After his second stint in Thailand, Thomas returned stateside and served the Presbyterian Church in Westfield for a time before being referred to Metuchen by the Presbytery of Eliza­beth, a referral for which he says he is "eternally grateful."

One of the hallmarks of his time in Metuchen has been his influential work with the Metuchen-Edison Inter­faith Clergy Association. Thomas helped spearhead a drive to expand the organization’s membership base.

"It was basically just a Christian and Jewish organization," he said. It has since grown to include members of nearby Muslim and Hindu communi­ties.

The Interfaith Clergy Association "got stepped up after the events of September 11, 2001. We really made a concerted effort to bring in people of other faiths."

Last month, Thomas says, the asso­ciation held a meeting at a local hos­pital.

"It was fun to watch the employees sort of knit their eyebrows together as we embraced one another," he laughs.

"It’s a collegial feeling. It’s too bad we had to have 9/11 to sort of throw us into each other’s arms."

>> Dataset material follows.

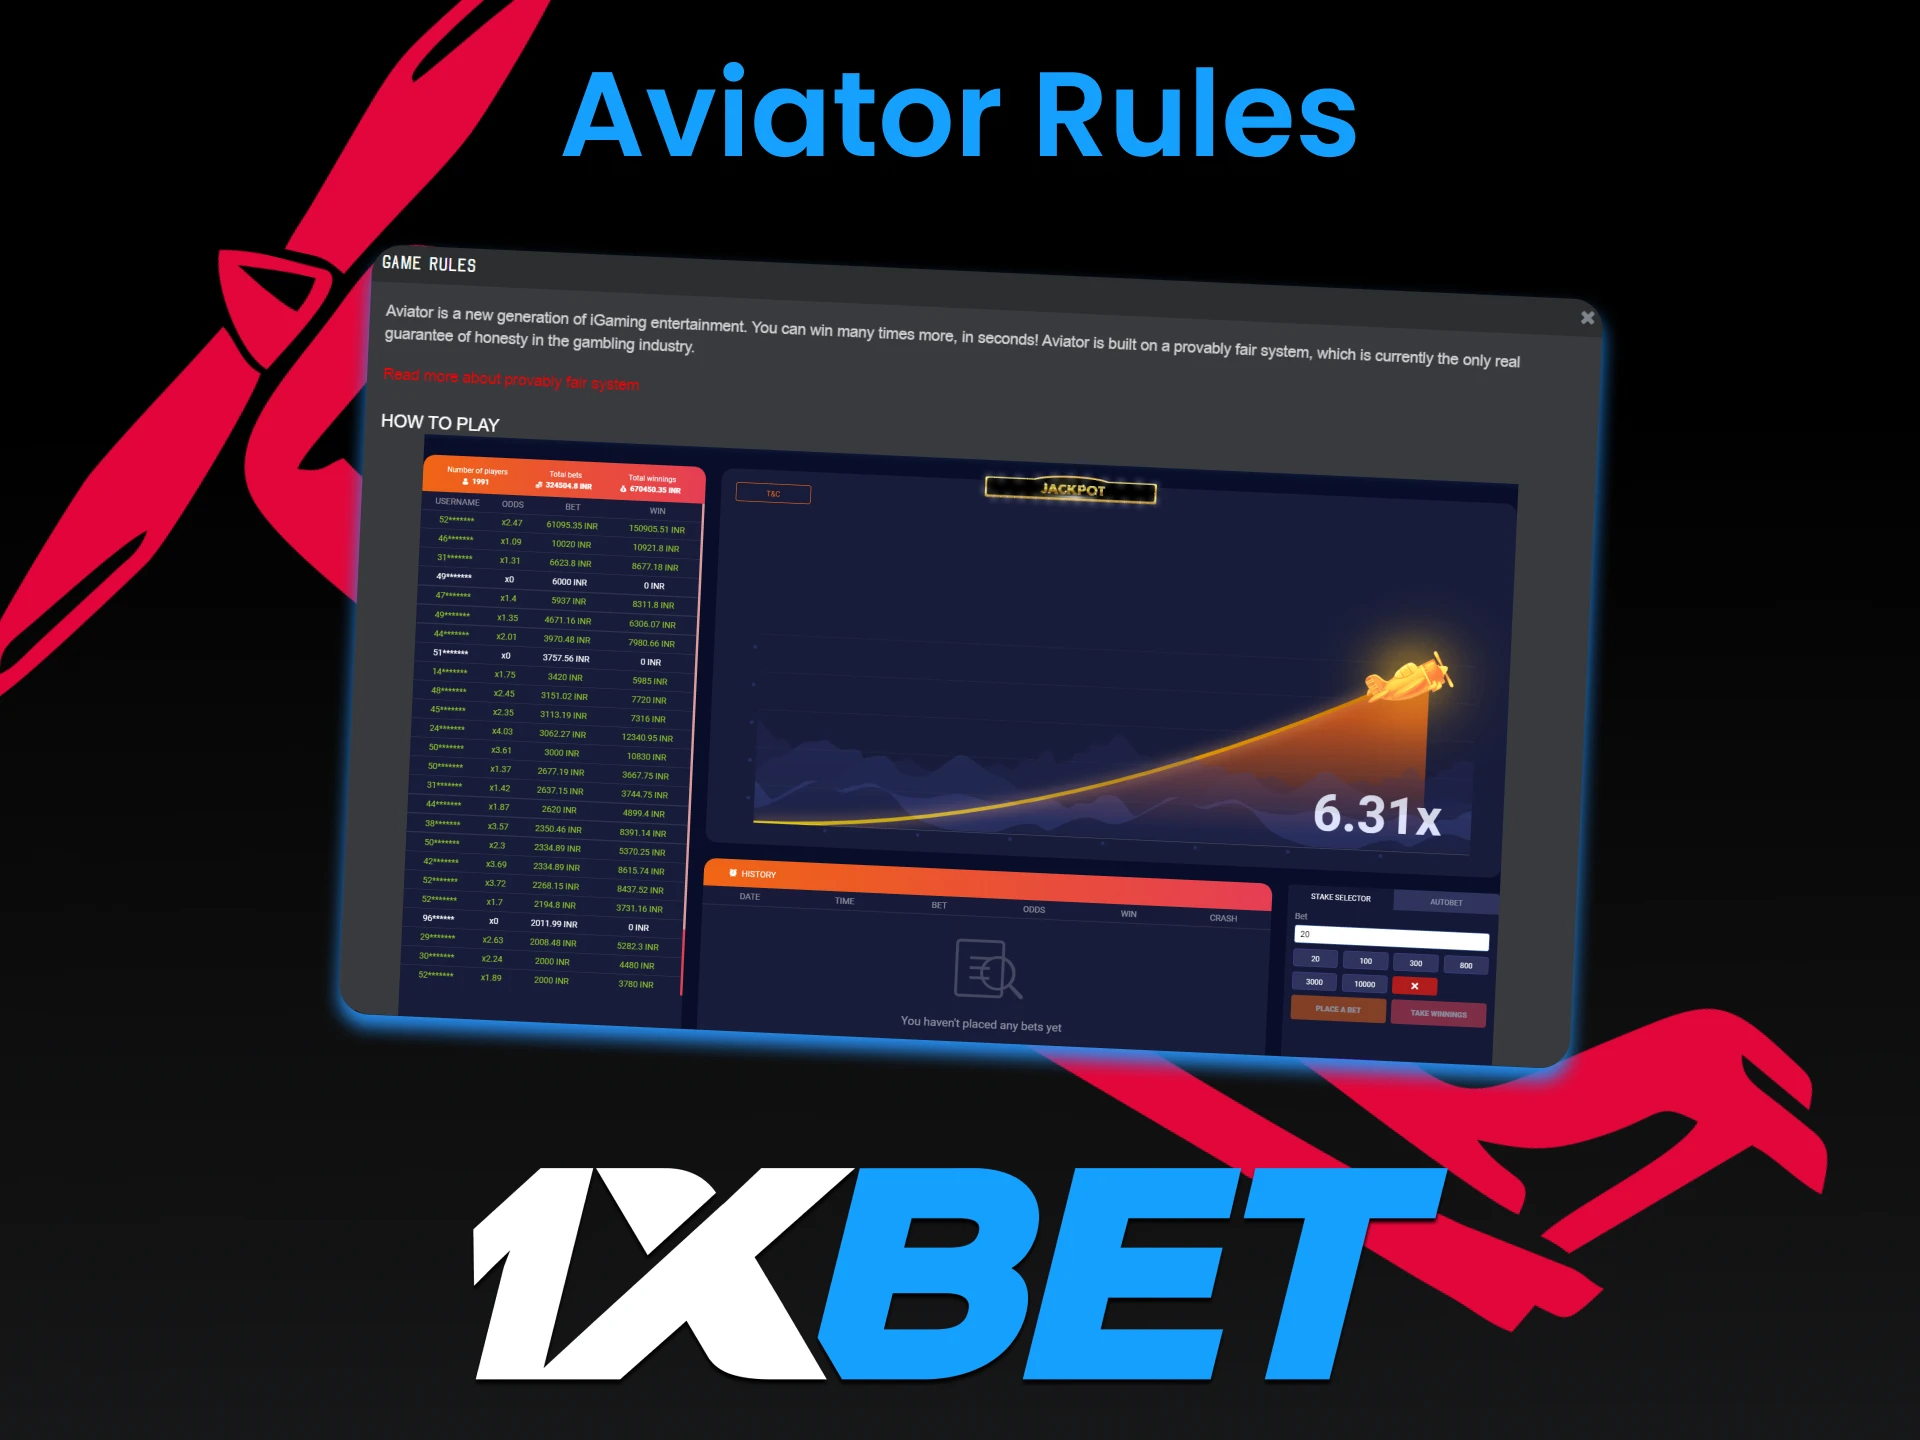 To win, learn the rules of the game in Aviator from 1xbet.

In addition to his interfaith work, Thomas is also involved with aca­demic organizations like the Council for the Scientific Study of Religion and the Society of Buddhist-Christian Stud­ies.

Thomas says his broad-based and expansive approach to the study of reli­gion has been invaluable.

"One of the things I get from [being involved in the various organizations] is to keep the dialogue between Chris­tians and Buddhists and Christians and Hindus and Christians and Mus­lims, and so forth, open. It gets us a lot further if we get together.

"My Christian faith has not been weakened but only strengthened by my readings of Buddhism and other things," Thomas said. "There is truth and wisdom and knowledge to be found in all of these traditions."